Human Factors (interchangeable with ergonomics) is a scientific discipline which aims to enhance the relationship between people and systems to optimise safety and performance in the workplace.
Failure to properly consider Human Factors can result in systems that make it difficult for people to perform at their best impacting negatively on productivity, safety and cost, as well as worker health and well-being.
People are relied upon to make up for flaws in system design and may be blamed when things go wrong.

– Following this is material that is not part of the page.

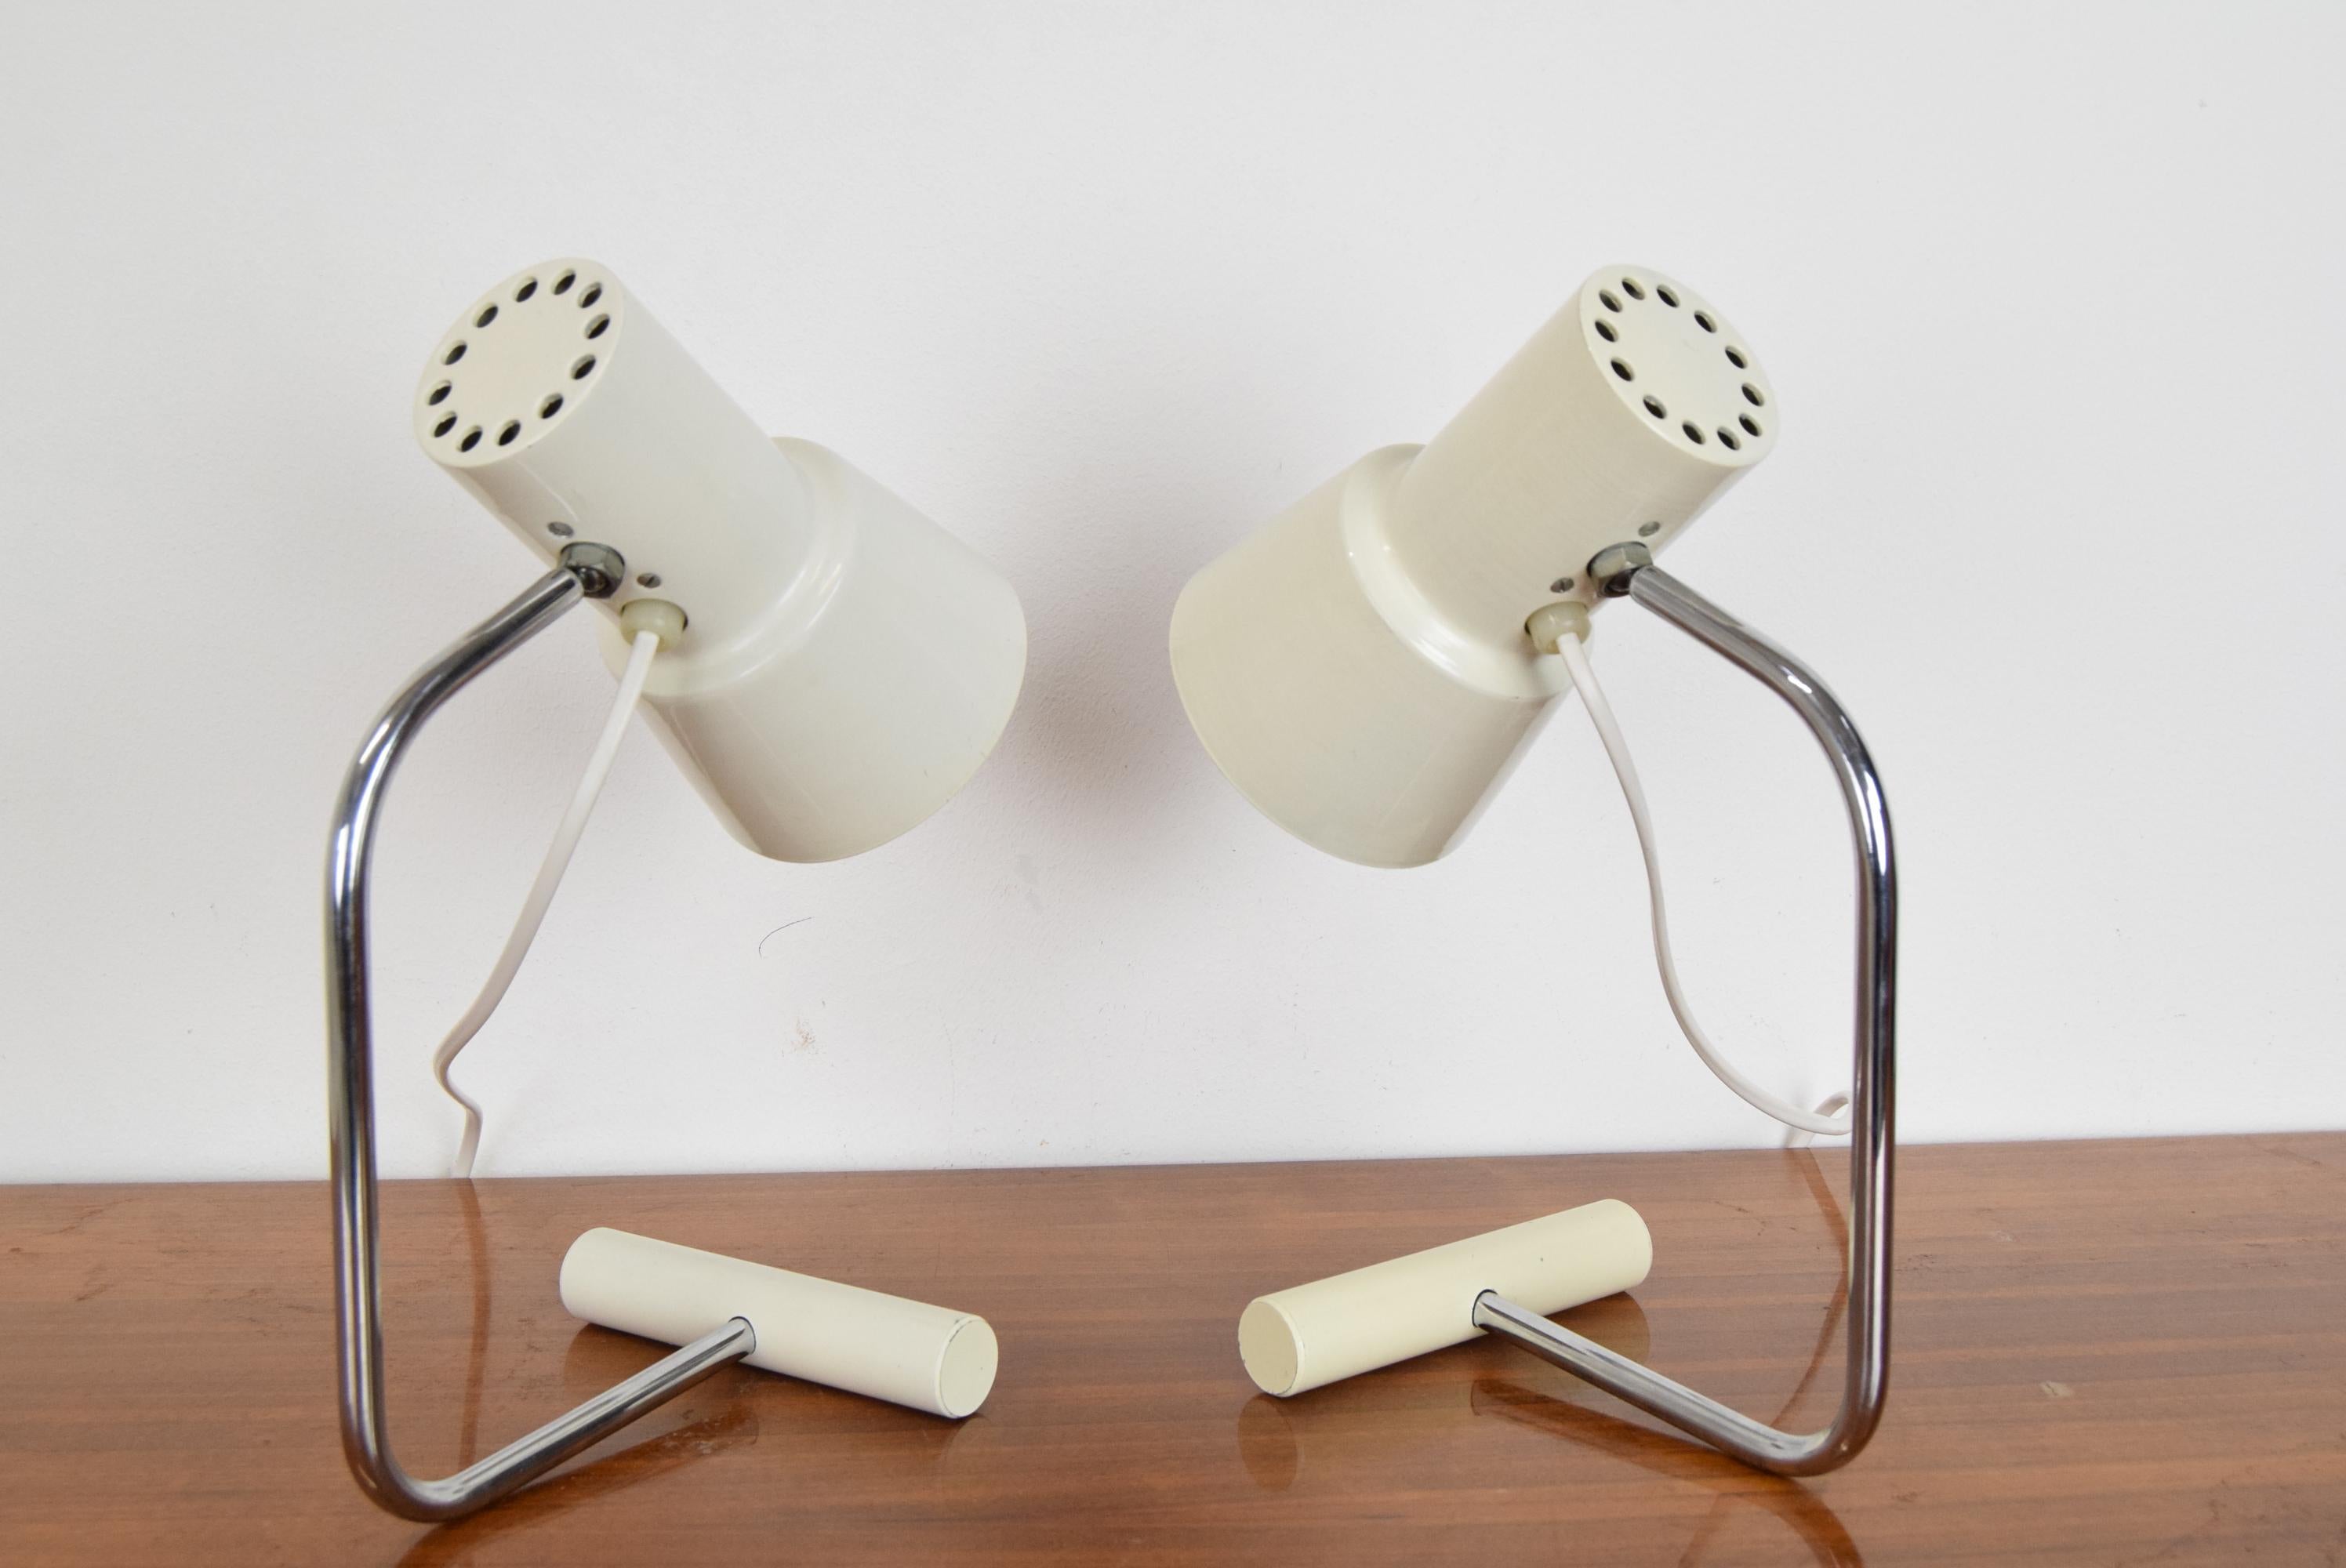 Czech Pair of Mid Century Table Lamps by Josef Hurka for Napako, 1970's For Sale

Later re-engineering systems to rectify such flaws is expensive and can so easily be avoided if Human Factors is integrated early into the design process.
The Human Factors discipline considers the factors that affect human performance in three inter-related areas:
- job and workplace factors
- individual factors
- organisational factors
Specifically, what people are being asked to do and with what (the task, its characteristics and the associated equipment), who is doing it (the individual and their competence) and where they are working (the organisation and its attributes), all of which are influenced by the wider societal concern.
- we want to see early integration of Human Factors into the design process for new rail systems and technologies and it embedded throughout the whole lifecycle
- we would like operations and maintenance staff to be supported in their everyday tasks through competence management systems, fatigue risk management systems and well-designed tasks and procedures
- we want Human Factors techniques included in risk assessment and risk management to identify potential sources of error as well as risk control
- we would like dutyholders to have incident investigation processes that identify the underlying causes that influence human performance and not to focus solely on an individual’s actions
Greater understanding and recognition of the value of Human Factors particularly among key stakeholders would help prioritise the embedding of competent Human Factors practitioners in the rail industry to deliver the safety and performance benefits of a Human Factors approach.